More and more I find myself enjoying the bargain bins more than the new comics stands. I don't know if I'm just turned off by the endless crossovers and hack writing, or that the price of new comics has just become too high for my blood. Probably a little of both. Or maybe I'm just getting old, but these days I'd much rather spend my time sifting through long boxes or on eBay for hidden treasures at rock bottom prices than trying to keep up with the endless glut of new titles every Wednesday.

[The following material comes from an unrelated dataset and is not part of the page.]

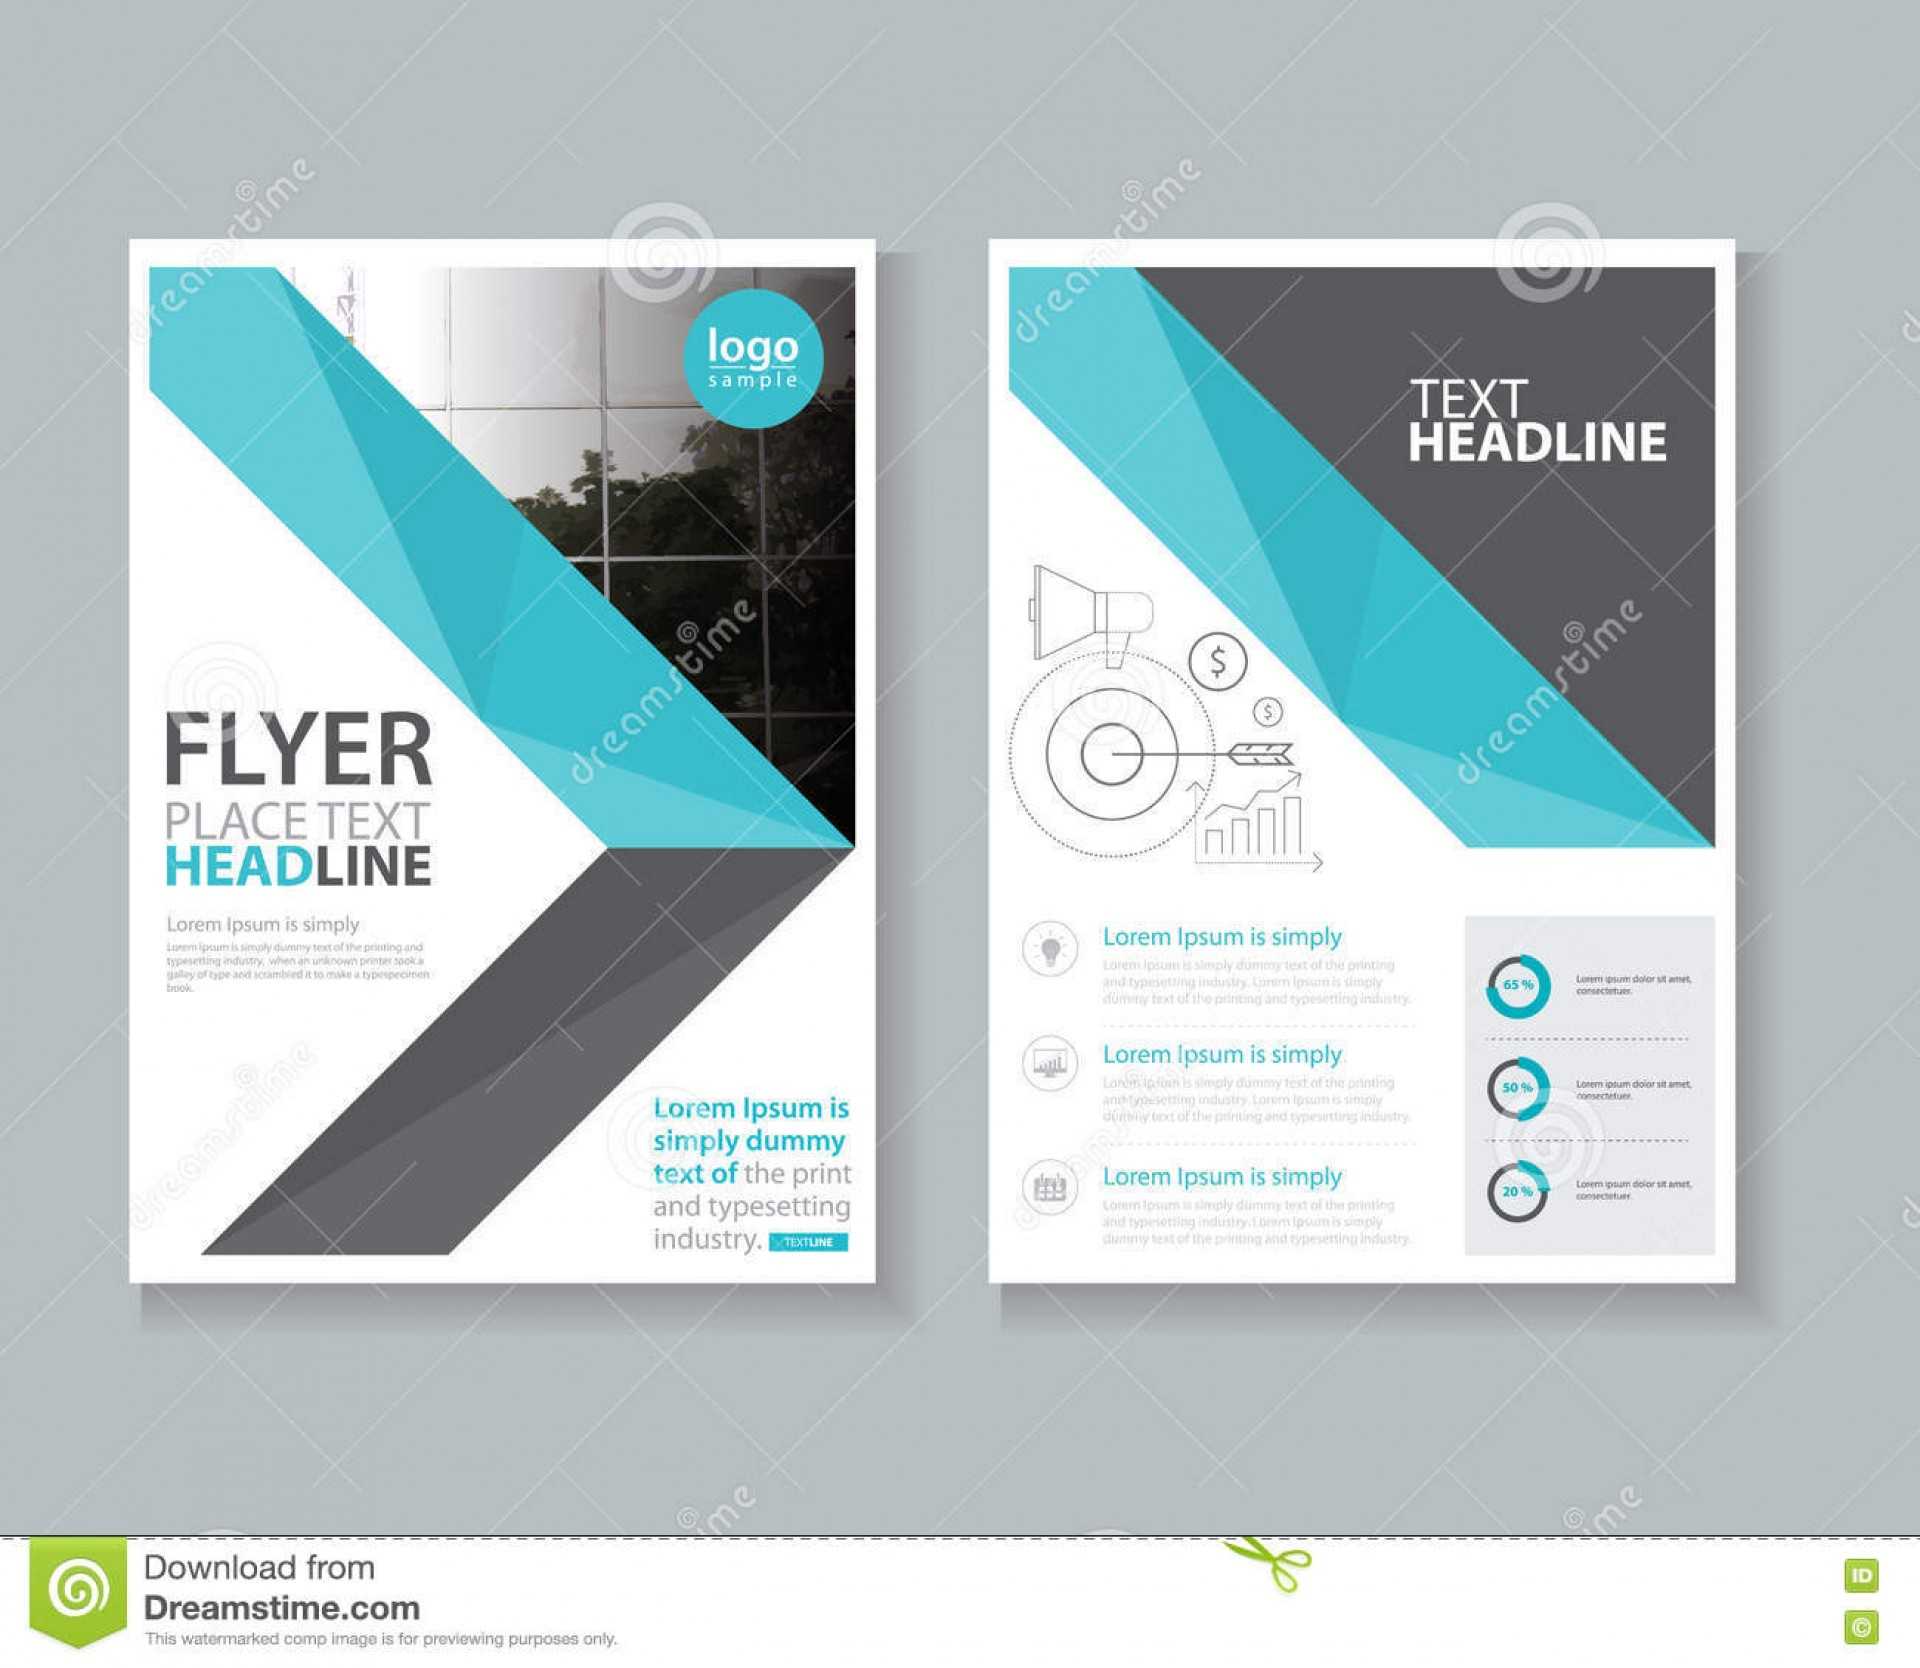 015 Word Cover Pages Template Ideas Page Brochure Flyer In Word Report Cover Page Template

With that in mind, I found this obscure early 70s Marvel monster comic for 50 cents at the NYCC. The issue features three stories, one featuring King Kull, illustrated by the legendary John Severin which is apparently a part of a larger, ongoing story arc serialized within the title. It's not bad, and Severin's artwork is exceptional genre fare, but the two backup stories are the real gems.
The first, "Where Walks the Ghost" is illustrated by Steve Ditko and while the story is as basic a haunted house tale as you can get - an ex-con rents a house to hideout in, only to be scared into turning himself in by a resident ghost - the artwork is vintage Ditko. Check out that awesome splash page. Nobody used negative space better!
But the issue's highlight is "Mister Morgan's Monster," written and drawn by Jack Kirby with inks by Dick Ayers. The story is just a frenzy of comic book energy. In just six pages, Kirby crams in robots, aliens, spaceships and a whole lot of bizarre melodrama, all with an odd, but clever twist ending that suits the story perfectly. It's probably not going to make any best-of Kirby lists, but it's fun, and certainly worth the 50 cents I paid for it.